My Cybernetics
Cybernetics and Architecture
In Francis Heylighen’s “Cybernetics and second order Cybernetics” discusses how cyberneticians use relational high level concepts to “analyze and formally model different abstract properties of systems and their dynamics” thus “allowing us to ask such questions as whether complexity tends to increase with time.”
I will start by saying that in my effort to understand Cybernetics, first and/or second order, that the above statement holds true. The more I read, the more difficult the concepts became to grasp, not withholding the infuriating spatters of terms that only those already familiar with cybernetics would understand.
The idea of understanding how things work and the concept of deconstructing autonomy are intriguing but how does that apply to architecture?
Yes, architecture is continually re-inventing itself by leaps and bounds with new technology and attention to the concerns of the day. But what are we hoping to achieve by studying cybernetics in relation to it? Most traditional architecture is static. Even if it is not, it is only in recent years that buildings or its components have had the ability to respond to external stimuli. Perhaps the study of cybernetics is moving towards the creation of an autonomous building? One that will think for its user and pre-empt its needs and wants.
Excuse me for being a naysayer but haven’t most of us watched “i.Robot” where the cyborg is able to think for itself then tries to take over the world? I don’t know how much of an autonomous building I’d like to live in if what I do is being “observed” and analysed by the walls and windows.

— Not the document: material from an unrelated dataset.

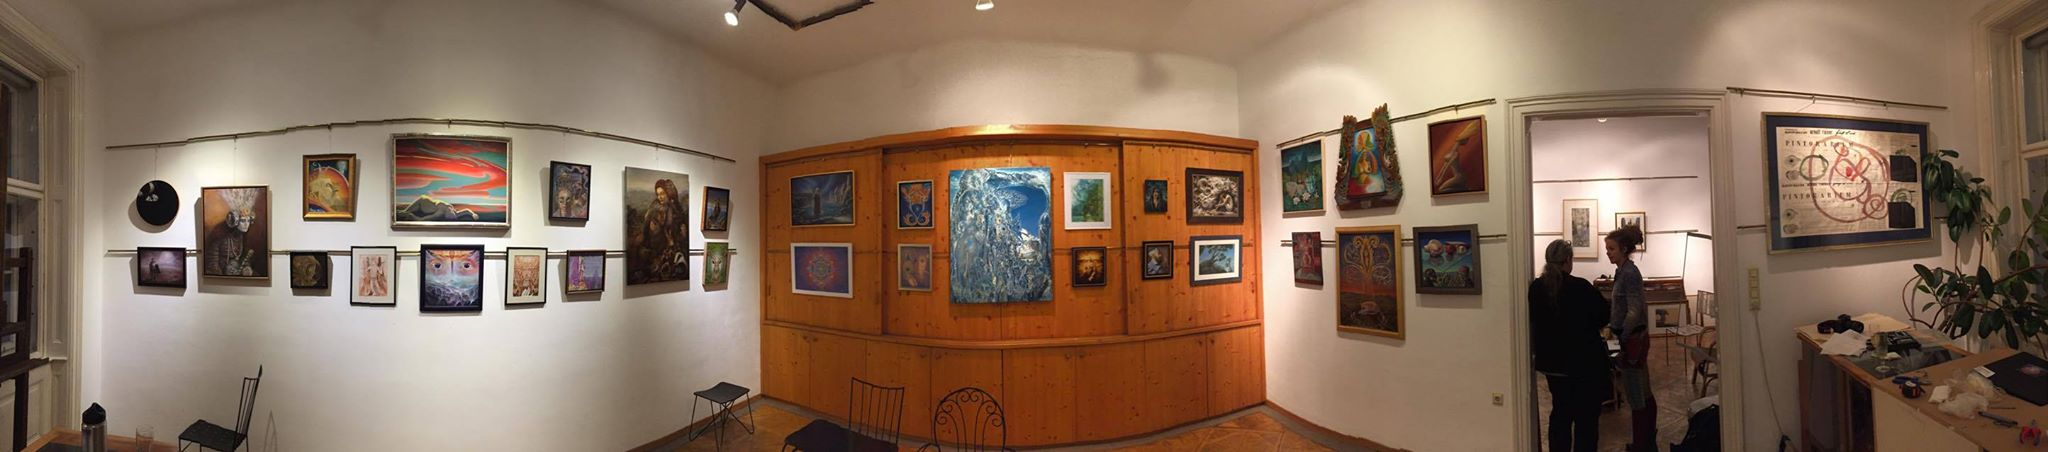 """Transmission"" Exhibition - Galerie 10"
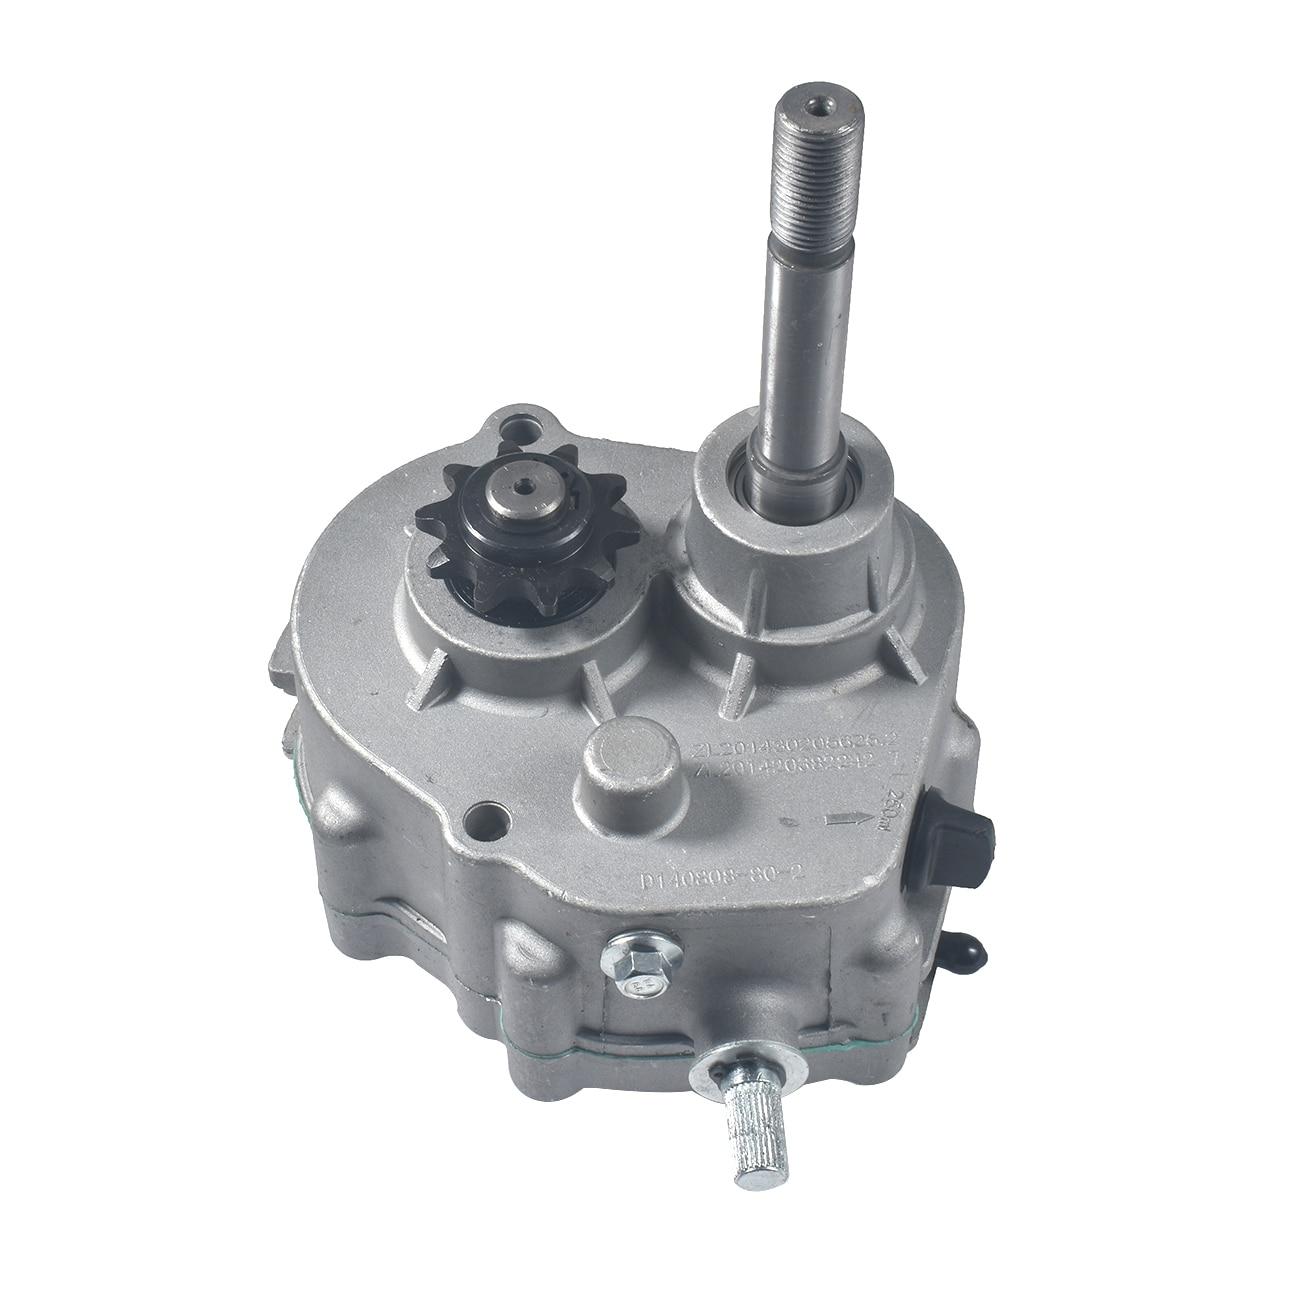 Go Kart Forward Reverse Gear Box 10T  Go Karts Accessories TAV2 30  For 2HP-7HP Engine enlarge

To a large degree, yes, it is extremely practical to have detectors and sensors that will help save on running costs or help the environment. However, when it comes to cybernetics within the realm of architecture, I believe that second-order cybernetics would be much more useful in studying. I think that if the study of the intended users of the piece of architecture involved how they think, work and react to different stimuli, much more functional and successful architecture could be developed.
For now, based on my crude understanding of Cybernetics, I say that there are probably people other than Architects who would benefit more from the intense study of it. Then again, I probably misunderstood the entire article (I skipped the parts about equations).